**DATASET EXCERPT:**

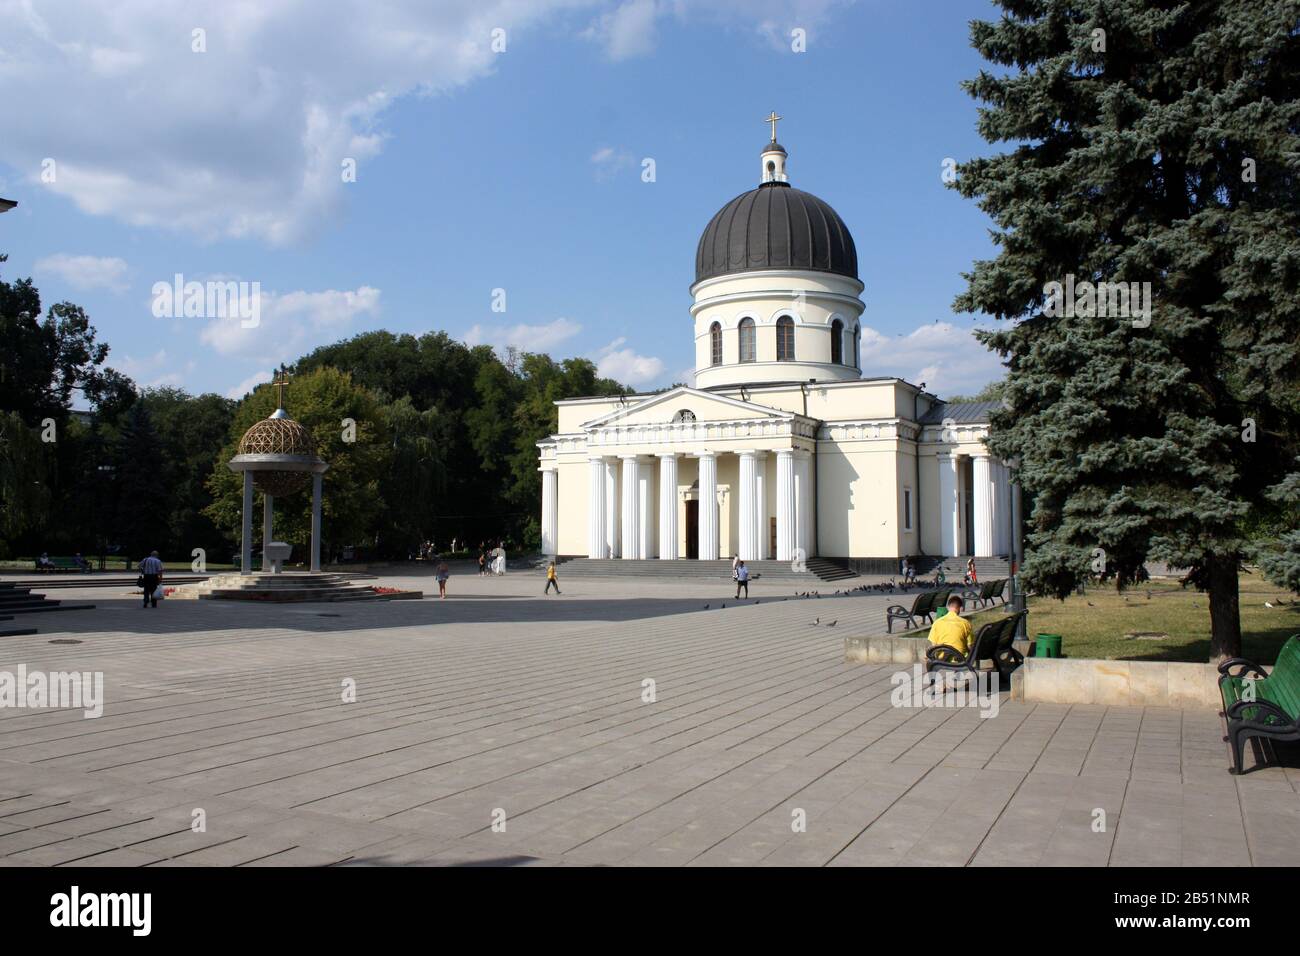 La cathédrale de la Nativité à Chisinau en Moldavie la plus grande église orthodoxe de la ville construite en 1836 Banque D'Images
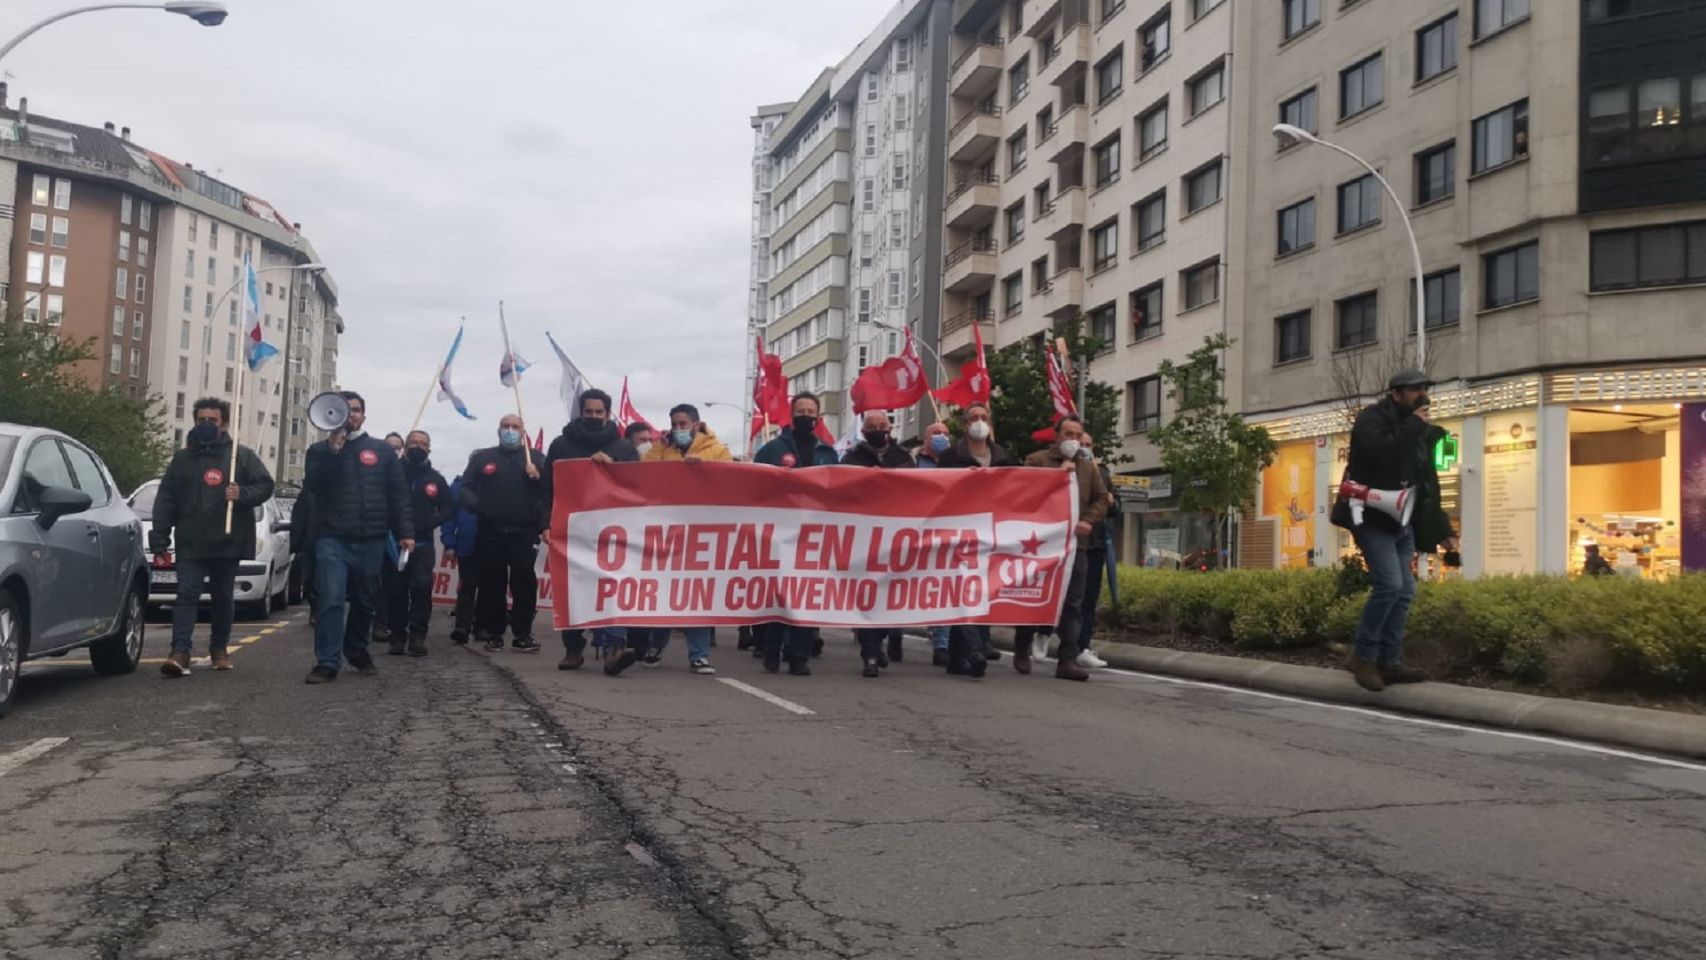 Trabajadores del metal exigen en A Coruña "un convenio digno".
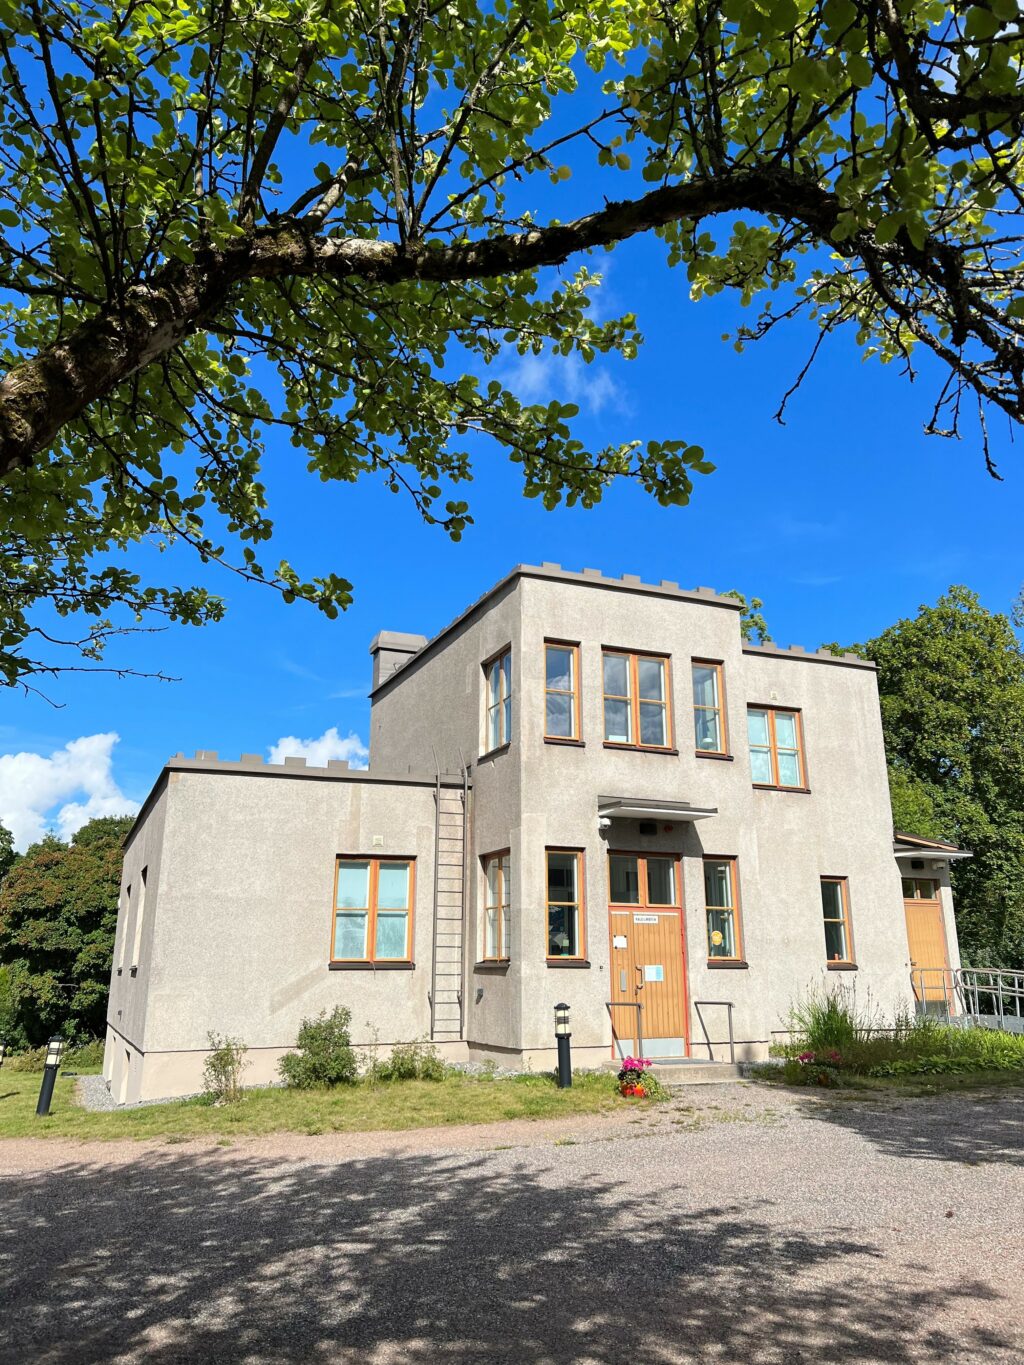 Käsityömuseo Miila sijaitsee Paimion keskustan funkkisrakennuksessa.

**INSTRUCTIONS FOR THE TASK:** Each line above should be set down exactly as written, with pictures excluded.

**RESULT FOR THIS EXERCISE:**
 La cathédrale de la Nativité à Chisinau en Moldavie la plus grande église orthodoxe de la ville construite en 1836 Banque D'Images
 Trabajadores del metal exigen en A Coruña "un convenio digno".
 Käsityömuseo Miila sijaitsee Paimion keskustan funkkisrakennuksessa.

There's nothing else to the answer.